(SOURCE RECORDS)

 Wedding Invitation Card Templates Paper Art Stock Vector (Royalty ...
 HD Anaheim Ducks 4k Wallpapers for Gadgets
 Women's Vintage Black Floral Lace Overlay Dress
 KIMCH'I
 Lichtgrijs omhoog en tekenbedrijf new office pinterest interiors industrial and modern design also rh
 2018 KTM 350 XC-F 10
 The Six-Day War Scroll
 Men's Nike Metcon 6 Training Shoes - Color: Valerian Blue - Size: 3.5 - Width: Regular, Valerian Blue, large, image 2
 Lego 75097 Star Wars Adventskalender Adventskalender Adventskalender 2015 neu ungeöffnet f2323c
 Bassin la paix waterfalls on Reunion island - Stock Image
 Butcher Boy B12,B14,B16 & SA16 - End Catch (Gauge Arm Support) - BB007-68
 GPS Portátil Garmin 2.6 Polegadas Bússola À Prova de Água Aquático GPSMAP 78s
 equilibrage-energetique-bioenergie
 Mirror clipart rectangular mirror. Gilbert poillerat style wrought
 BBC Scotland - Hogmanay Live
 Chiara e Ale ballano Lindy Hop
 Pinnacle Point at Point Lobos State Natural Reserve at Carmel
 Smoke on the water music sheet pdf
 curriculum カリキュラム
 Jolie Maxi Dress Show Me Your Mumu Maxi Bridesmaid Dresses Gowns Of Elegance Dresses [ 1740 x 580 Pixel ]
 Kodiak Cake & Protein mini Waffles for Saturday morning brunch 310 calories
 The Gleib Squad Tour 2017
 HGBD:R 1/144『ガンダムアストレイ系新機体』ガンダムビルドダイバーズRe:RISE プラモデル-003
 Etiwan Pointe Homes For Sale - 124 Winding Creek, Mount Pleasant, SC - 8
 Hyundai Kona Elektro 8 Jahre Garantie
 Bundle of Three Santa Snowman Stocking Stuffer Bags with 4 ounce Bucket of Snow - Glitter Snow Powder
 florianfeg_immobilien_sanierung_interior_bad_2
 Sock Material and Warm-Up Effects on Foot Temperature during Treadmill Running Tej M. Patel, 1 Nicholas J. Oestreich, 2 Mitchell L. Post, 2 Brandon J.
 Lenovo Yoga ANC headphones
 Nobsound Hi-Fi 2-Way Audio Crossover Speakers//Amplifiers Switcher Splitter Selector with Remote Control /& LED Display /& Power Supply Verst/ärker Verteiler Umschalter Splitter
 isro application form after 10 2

(End SOURCE RECORDS)

TASK REQUIREMENTS
Retype the records above in full. Every word should match.

SOLUTION FOR THIS PROBLEM
 Wedding Invitation Card Templates Paper Art Stock Vector (Royalty ...
 HD Anaheim Ducks 4k Wallpapers for Gadgets
 Women's Vintage Black Floral Lace Overlay Dress
 KIMCH'I
 Lichtgrijs omhoog en tekenbedrijf new office pinterest interiors industrial and modern design also rh
 2018 KTM 350 XC-F 10
 The Six-Day War Scroll
 Men's Nike Metcon 6 Training Shoes - Color: Valerian Blue - Size: 3.5 - Width: Regular, Valerian Blue, large, image 2
 Lego 75097 Star Wars Adventskalender Adventskalender Adventskalender 2015 neu ungeöffnet f2323c
 Bassin la paix waterfalls on Reunion island - Stock Image
 Butcher Boy B12,B14,B16 & SA16 - End Catch (Gauge Arm Support) - BB007-68
 GPS Portátil Garmin 2.6 Polegadas Bússola À Prova de Água Aquático GPSMAP 78s
 equilibrage-energetique-bioenergie
 Mirror clipart rectangular mirror. Gilbert poillerat style wrought
 BBC Scotland - Hogmanay Live
 Chiara e Ale ballano Lindy Hop
 Pinnacle Point at Point Lobos State Natural Reserve at Carmel
 Smoke on the water music sheet pdf
 curriculum カリキュラム
 Jolie Maxi Dress Show Me Your Mumu Maxi Bridesmaid Dresses Gowns Of Elegance Dresses [ 1740 x 580 Pixel ]
 Kodiak Cake & Protein mini Waffles for Saturday morning brunch 310 calories
 The Gleib Squad Tour 2017
 HGBD:R 1/144『ガンダムアストレイ系新機体』ガンダムビルドダイバーズRe:RISE プラモデル-003
 Etiwan Pointe Homes For Sale - 124 Winding Creek, Mount Pleasant, SC - 8
 Hyundai Kona Elektro 8 Jahre Garantie
 Bundle of Three Santa Snowman Stocking Stuffer Bags with 4 ounce Bucket of Snow - Glitter Snow Powder
 florianfeg_immobilien_sanierung_interior_bad_2
 Sock Material and Warm-Up Effects on Foot Temperature during Treadmill Running Tej M. Patel, 1 Nicholas J. Oestreich, 2 Mitchell L. Post, 2 Brandon J.
 Lenovo Yoga ANC headphones
 Nobsound Hi-Fi 2-Way Audio Crossover Speakers//Amplifiers Switcher Splitter Selector with Remote Control /& LED Display /& Power Supply Verst/ärker Verteiler Umschalter Splitter
 isro application form after 10 2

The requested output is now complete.